Haloarcula hispanica virus SH1

Virus classification
- (unranked): Virus
- Realm: Singelaviria
- Kingdom: Helvetiavirae
- Phylum: Dividoviricota
- Class: Laserviricetes
- Order: Halopanivirales
- Family: Sphaerolipoviridae
- Genus: Alphasphaerolipovirus
- Species: Haloarcula hispanica virus SH1

= Haloarcula hispanica SH1 virus =

Species of virus

Haloarcula hispanica SH1 virus is a double-stranded DNA virus that infects the archaeon Haloarcula hispanica.

==Virology==
There are 15 structural proteins in the capsid varying in molecular weight between 185 kilodaltons (kDa) and 4 kDa. These have been numbered from VP1 to VP 15. Seven appear to be minor components (VP5, VP6, VP8, VP11, VP13, VP14 and VP15).

VP12 (molecular weight 9.8 kDa) has two membrane spanning helices suggesting it is an integral membrane protein.

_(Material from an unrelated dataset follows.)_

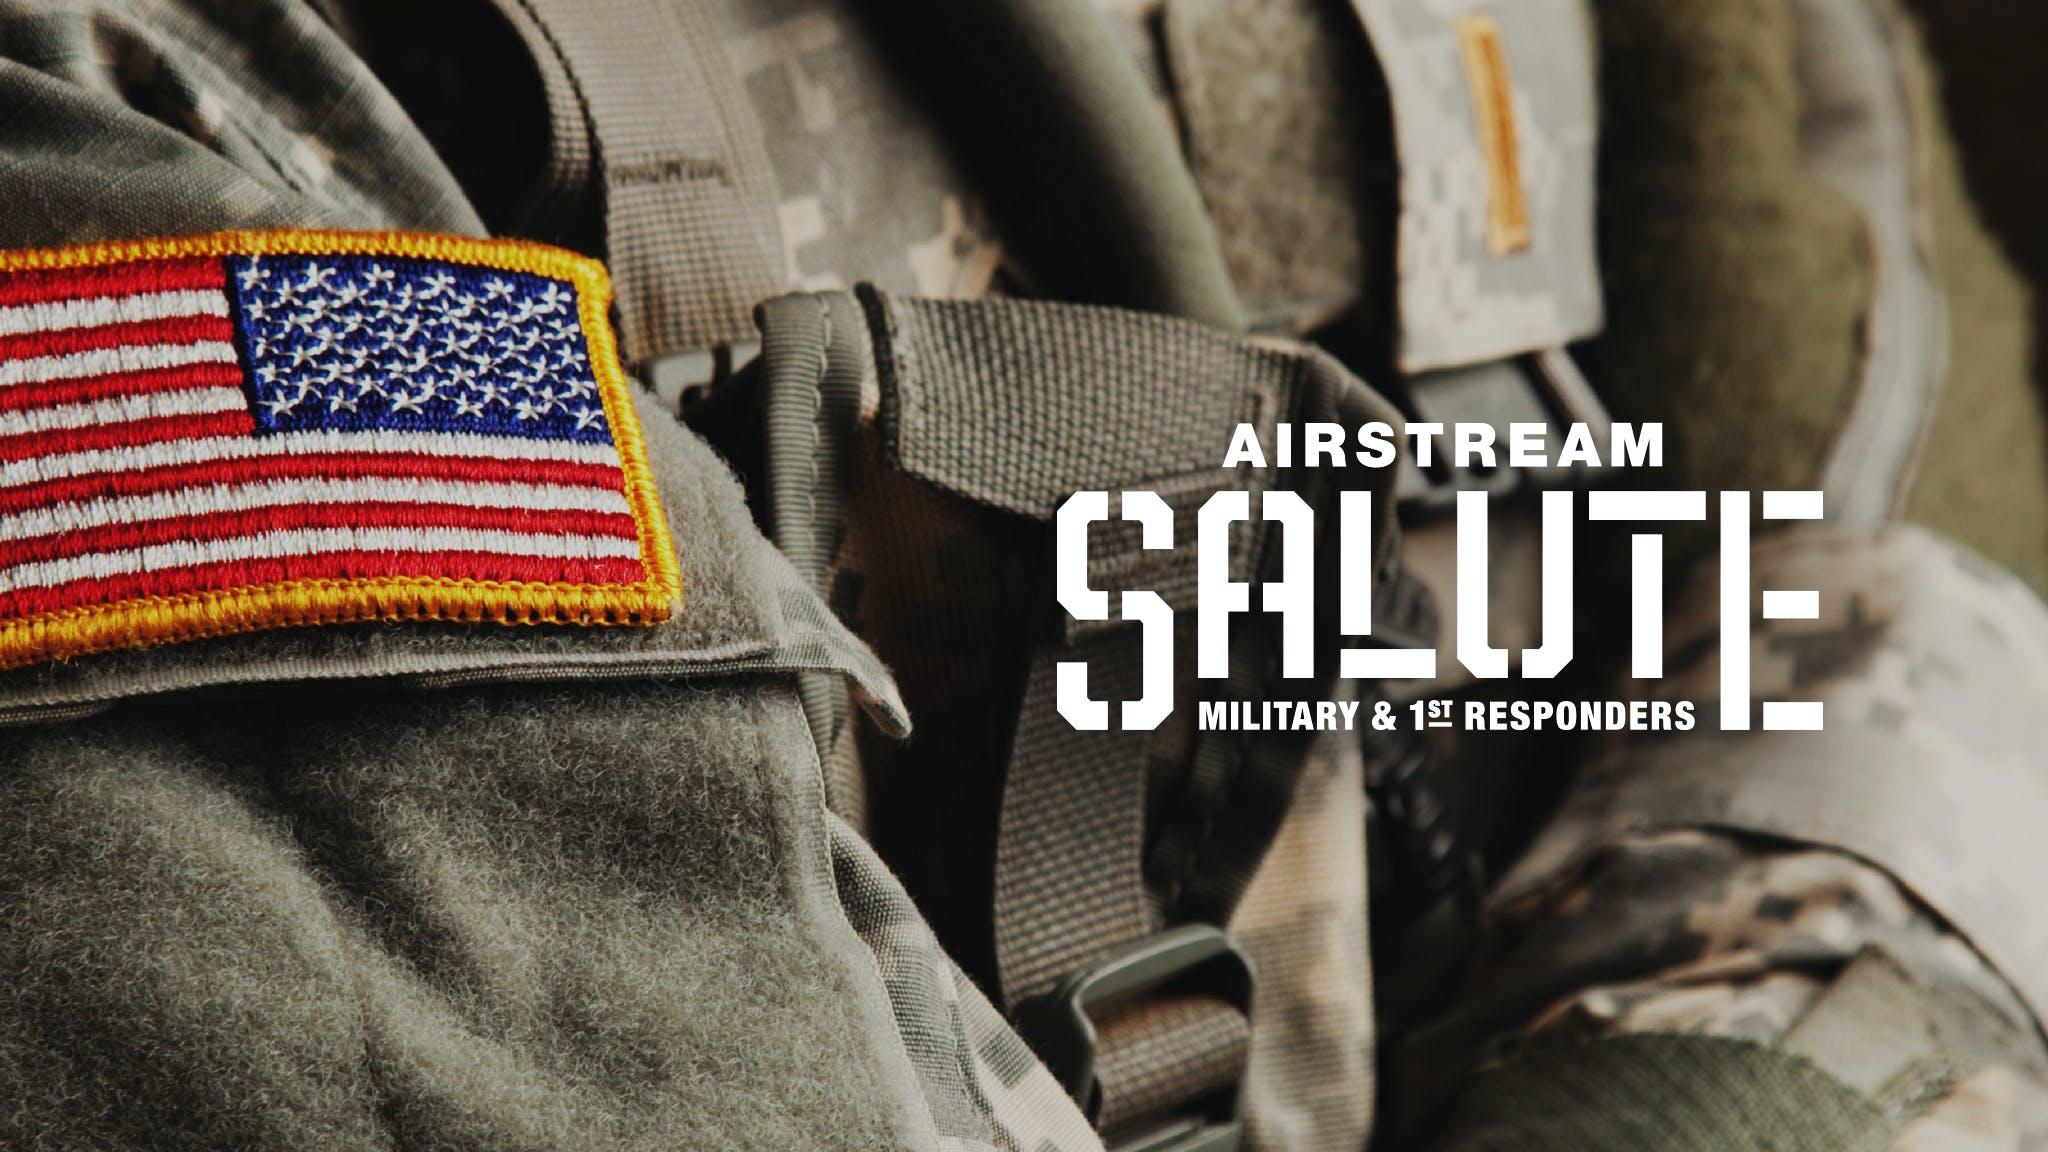 AirstreamSalute2

VP2 may be an elongated fiber like protein suitable for forming a spike.

The lipid membrane contains phosphatidylglycerol, phosphatidylglycerophosphate methyl ester and phosphatidylglycerosulfate.

==Genome==
The genome is linear 30,898 base pairs in length and contains 309 base pair inverted terminal repeat sequences. The G+C content is 68.4%. It encodes 56 open reading frames (ORFs).

The structural proteins correspond to the ORFs as follows:
- ORF13 – VP1
- ORF23 – VP12
- ORF24 – VP7
- ORF25 – VP4
- ORF27 – VP13
- ORF28 – VP2
- ORF29 – VP5
- ORF30 – VP10
- ORF31 – VP9
- ORF32 – VP3
- ORF33 – VP6

All the structural proteins are located in the middle of the genome.

ORF 17 encodes a protein with an ATPase domain.